“Umi no Hishio” (original form of shoyu in the sea), a seaweed-based soy sauce (Photo by Tomoyuki Yamamoto)
When he was discarding the rotten gunk in a sink, Uchida noticed a sweet fruity smell, similar to wine.
“This could be used for something,” the fisheries researcher recalled thinking.
From that gut feeling came a new type of soy sauce whose main ingredient is seaweed, not soybeans and wheat.
But it was a long time in the making.
The seaweed have been placed in a fridge in his laboratory in Yokohama about 20 years ago after he used it in experiments.
Uchida’s long-held goal was to find an everyday use for fermented seaweed.
In 2002, Uchida was transferred to the Fisheries Research Agency (FRA) of the National Research Institute of Fisheries and Environment of Inland Sea (FEIS) in Hatsukaichi, Hiroshima Prefecture.
He picked seaweed, a specialty of the Seto Inland Sea, as an ingredient for his study on fermentation.
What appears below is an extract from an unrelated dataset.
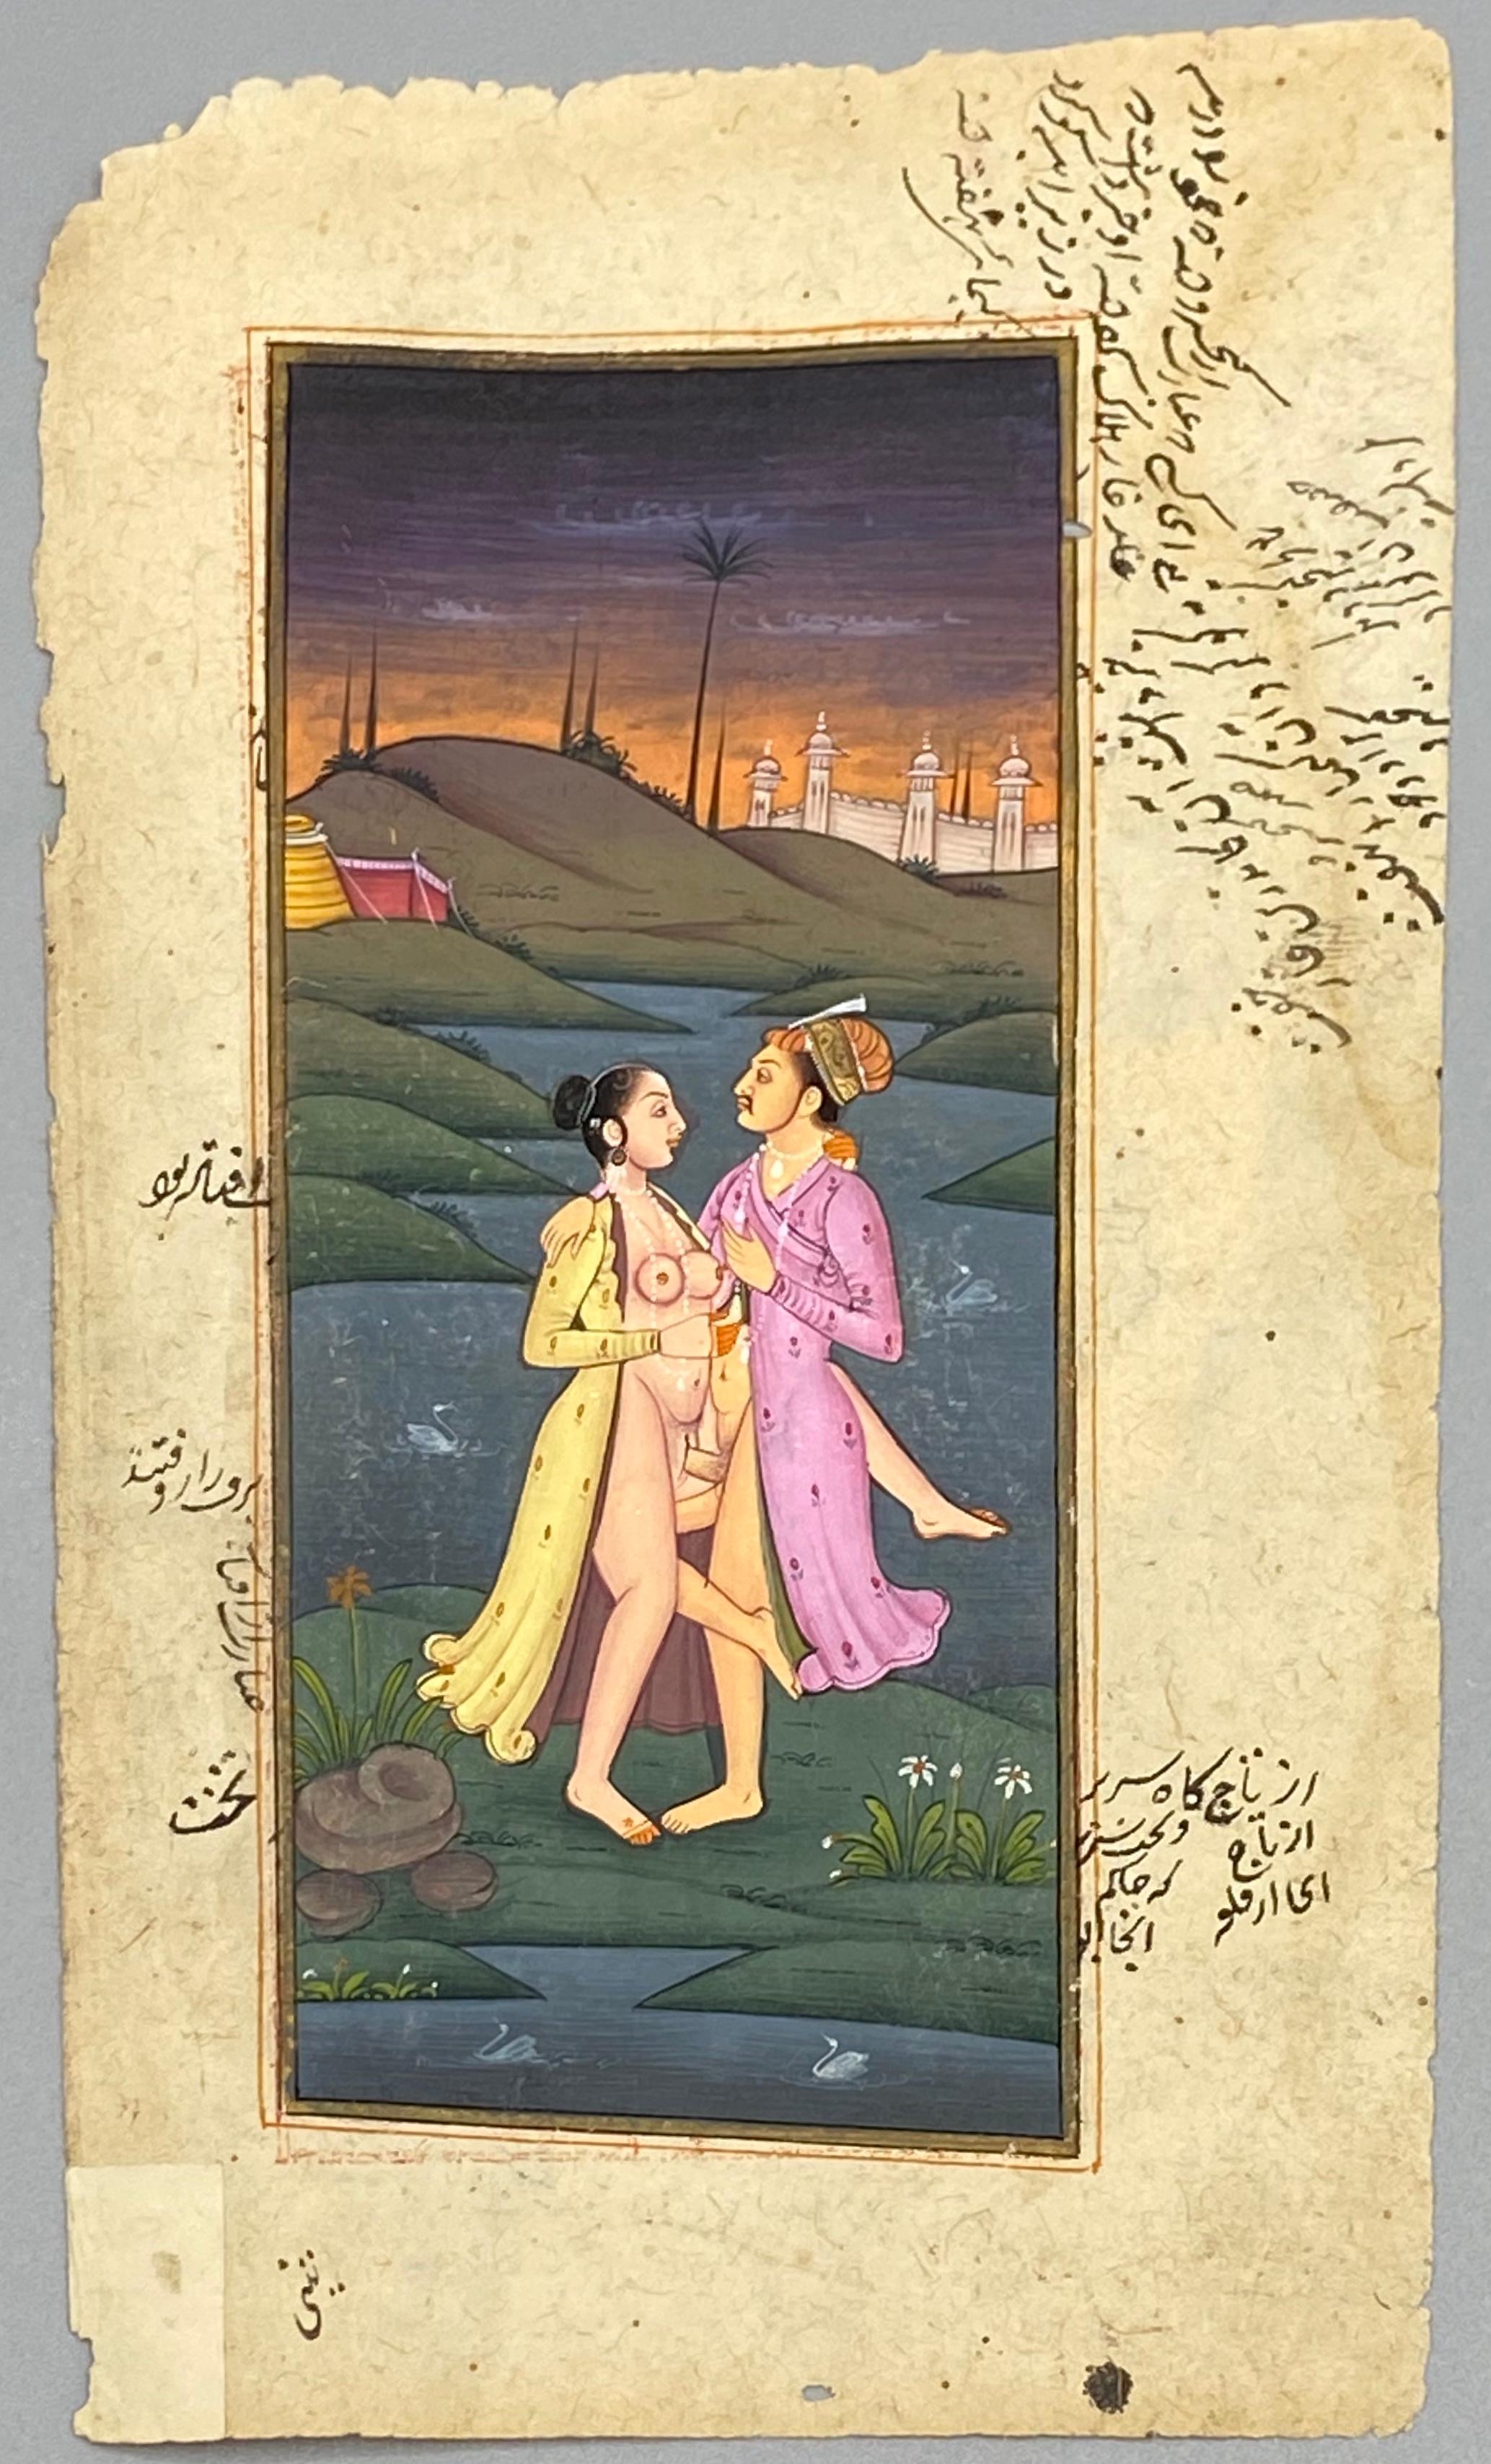 Mughal Prince engaging in Kama Sutra with a Danse - Painting by Unknown

After a great deal of trial and error to curb the propagation of bacteria, Uchida finally found a method to ferment seaweed with natural micro-organisms, which resulted in “nori shoyu” (seaweed soy sauce).
Uchida tasted the seaweed-based soy sauce he made in his laboratory. Although his shoyu was relatively weak compared with that of the general soy sauce, a distinctive “umami” savory taste lasted for a long time in his mouth.
He named the sauce “Umi no Hishio” (original form of shoyu in the sea).
The FRA turned nori shoyu into a commercial product in 2017 in tandem with soy sauce makers and other entities in Saga Prefecture.
In consideration for those who suffer from food allergies, bottles of nori shoyu carry a label that reads: “soybean free, wheat free.”
“I want to build a brand new food culture with fermenting seaweed, just like ‘gyosho’ fish sauce, which was made through the fermentation of fish,” Uchida said.